MAXxess management team pursues a company buyout option

ANAHEIM, Calif. - Two years after selling off its CCTV business, Odetics Inc. is getting out of the security business altogether, with plans to sell its access control company MAXxess Inc. in a management-led buyout. The deal is expected to close sometime this fall, but is subject to negotiations and the completion of a final purchase agreement between Odetics and the interested buyers. The buyout is being led by the senior management team at MAXxess, which includes Wes Appleby, president; Brian Mallabon, vice president of engineering; and Nancy Islas, product support manager at MAXxess. Additional investors are also part of the buyout plan. “We look at this as a tremendous opportunity,” said Appleby, who has been part of MAXxess for six years. For Odetics, the sale will enable the company to focus on its Iteris business. That company designs and integrates traffic management and travel information systems to provide real time traffic information for motorists.
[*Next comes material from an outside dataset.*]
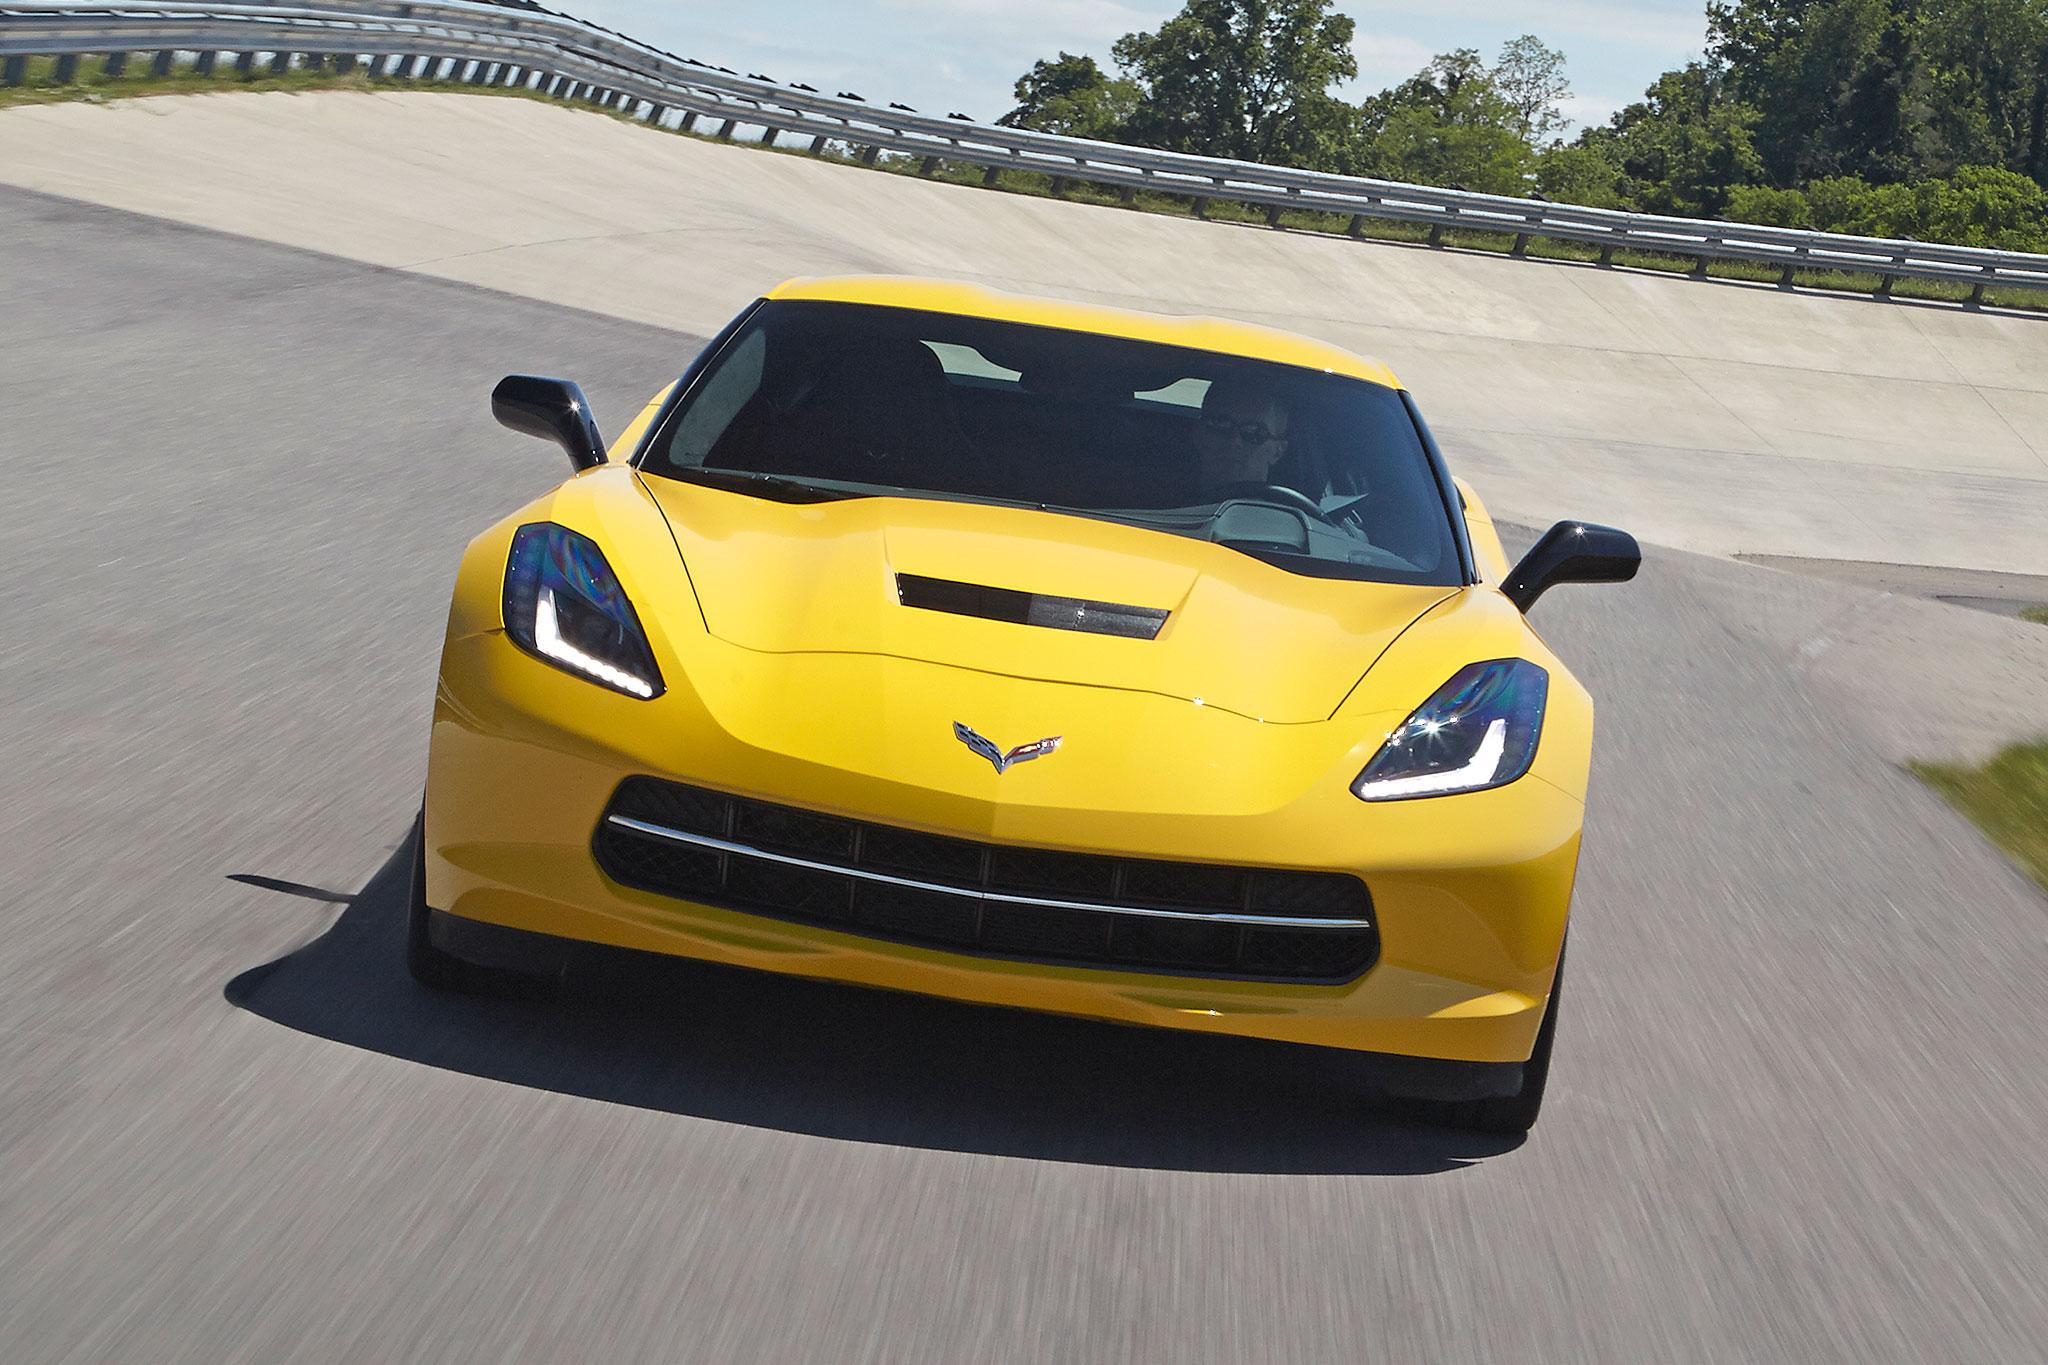 2015 Chevrolet Corvette Stingray Front View In Motion Track 1

MAXxess, on the other hand, is expected to enable management to better focus on the company. “It’s really going to allow us as a group to focus on our core business,” said Appleby. Odetics’ decision to sell MAXxess comes after a series of sales two years ago that shed the company of its CCTV business. The first transaction happened in early 2001 when it sold its PTZ dome camera line to Silent Witness. Six months later, after splitting Gyyr into two divisions, Gyyr Electronic Access Control and Gyyr CCTV Products, it sold its CCTVproduct division to Silent Witness, a deal that netted $8.9 million for Odetics. Gyyr EAC was then renamed MAXxess, drawing upon the company’s Axxess access control product to create the new name and to move away from the Gyyr name, which many people associated with video and digital storage products. The two deals to Silent Witness were expected to help financially troubled Odetics. At that time, the company planned to use the funds to retire short-term debt and beef up cash to meet working capital needs. Last year, the company sold its headquarters to an investment management firm, a deal that included a 10-year leaseback provision for the company and helped the company pay off debt.